* **DATA SEGMENT**

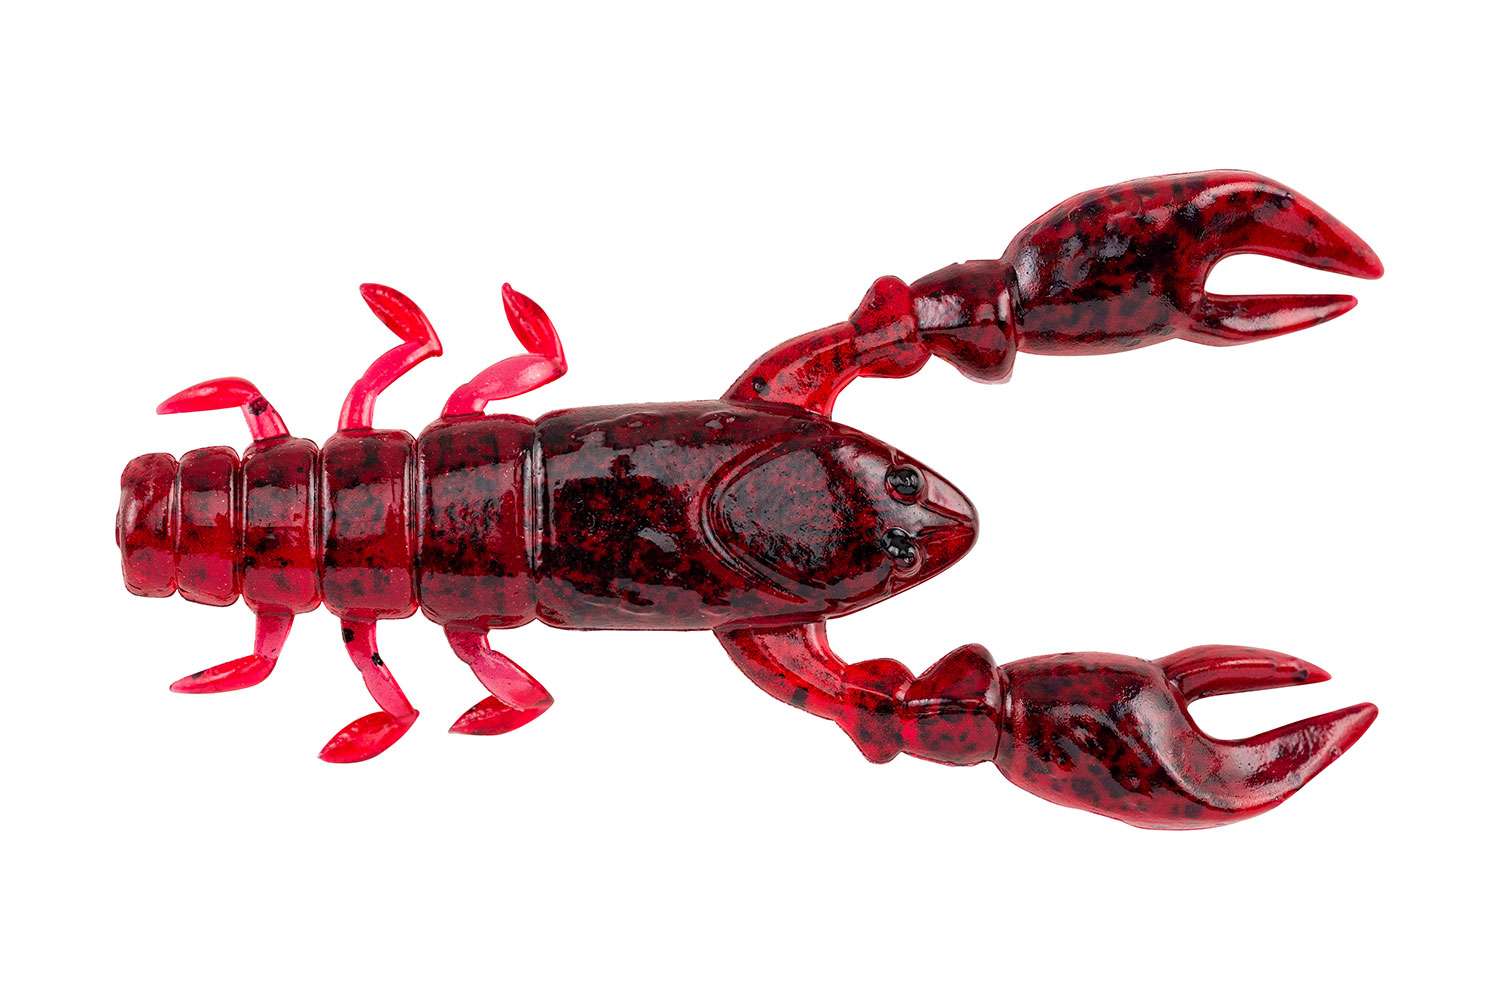   <b>Berkley PowerBait Jordan Lee The Champ Craw </b>
<BR>This bait was designed by two-time Bassmaster Classic winner, Jordan Lee. The Champ Craw features a lifelike profile with large claws that float for a lifelike action, and the new HD Tru Color technology mimics real bait.</p>
<p><b>MSRP: $5.99-$6.99</b></p>

* **WORK REQUIRED**
Please copy exactly the lines from the one that contains "<BR>This bait was" up to and including the final line of the listing above.

* **RESPONSE BOX**
<BR>This bait was designed by two-time Bassmaster Classic winner, Jordan Lee. The Champ Craw features a lifelike profile with large claws that float for a lifelike action, and the new HD Tru Color technology mimics real bait.</p>
<p><b>MSRP: $5.99-$6.99</b></p>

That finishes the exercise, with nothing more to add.